Does a Child’s Preference Matter in Colorado Custody Decisions?

Oct 8, 2018 | Child Custody, Family Rights

When parents in Colorado decide to get divorced, their kids don’t get a say in whether their parents’ marriage will end, even though their lives will be upended and forever changed because of it. That doesn’t mean, however, that children don’t have feelings or opinions about the matter, especially about how the divorce will affect their day-to-day lives and how much time they will spend with one parent or the other. But does a child’s opinions and preferences matter to a Colorado judge when making child custody decisions and allocating parenting time and parental responsibilities?

Maturity and Independent Preferences in Colorado Springs Child Custody Cases

In Colorado, as in almost every other state, what is in the child’s best interests is the prism through which a judge views all custody and visitation decisions. In making those decisions, the judge may – but is not required to – take into consideration the wishes of the child as to parenting time/parental responsibilities and child custody allocation.

In determining the best interests of the child for purposes of parenting time, a judge must take into consideration all relevant factors, including the following:

  • The wishes of the child’s parents as to parenting time;

  • The wishes of the child if he or she is sufficiently mature to express reasoned and independent preferences as to the parenting time schedule;

  • The interaction and interrelationship of the child with his or her parents, his or her siblings, and any other person who may significantly affect the child’s best interests;

  • The child’s adjustment to his or her home, school, and community;

  • The mental and physical health of all individuals involved, except that a disability alone shall not be a basis to deny or restrict parenting time;

  • The ability of the parties to encourage the sharing of love, affection, and contact between the child and the other party; except that, if the court determines that a party is acting to protect the child from witnessing domestic violence or from being a victim of child abuse or neglect or domestic violence, the party’s protective actions shall not be considered with respect to this factor;

  • Whether the past pattern of involvement of the parties with the child reflects a system of values, time commitment, and mutual support;

  • The physical proximity of the parties to each other as this relates to the practical considerations of parenting time;

  • The ability of each party to place the needs of the child ahead of his or her own needs.

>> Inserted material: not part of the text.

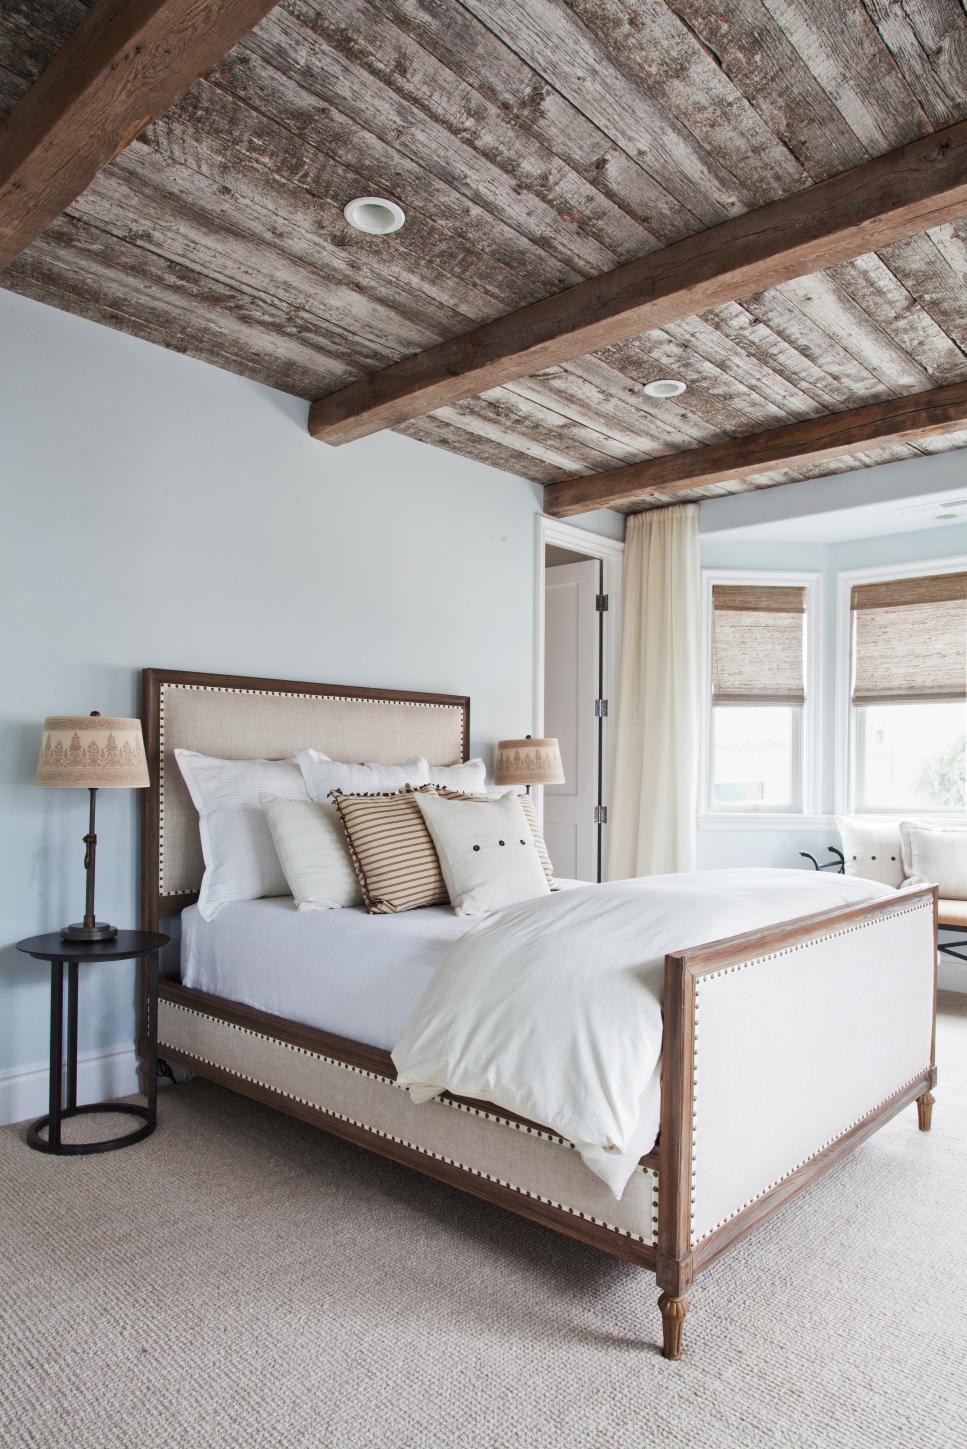 Country Bedroom With Gorgeous Reclaimed Wood Ceiling | HGTV

No Set Age for When a Child’s Opinion Will Be Considered

As noted above, the court may consider the preference of the child in determining his or her best interests if the child is mature enough and can express their preferences logically and reasonably. Since every child is different, Colorado law does not set a specific age for when a judge should consider the child’s opinion, though 12 tends to be a common age for reaching the requisite level of maturity. But judges are left with a great deal of discretion in this regard, as they are with all parenting time decisions. 

If the judge does want to include the child’s preferences as part of their determination, he or she must be satisfied that those preferences are truly “independent.” This means ensuring that the opinions were not the result of one or both parents attempting to influence the child’s decision by making threats, giving bribes or making the child feel guilty; or whether one parent’s hostility toward the other parent has turned the child against the other parent. Even if the child’s opinions are truly their own, the judge can completely disregard them if other factors weigh heavily against those opinions being in the child’s best interests.

Related article: Religion, Homeschooling & Other Things to Consider With Your Child Custody Agreement

The judge will want to hear from the child directly, but this does not necessarily mean that the child will have to testify in open court in front of their parents. Judges recognize how awkward or traumatic that can be for a child and will make every effort to minimize any discomfort while also making sure that they have a full understanding of the child’s wishes.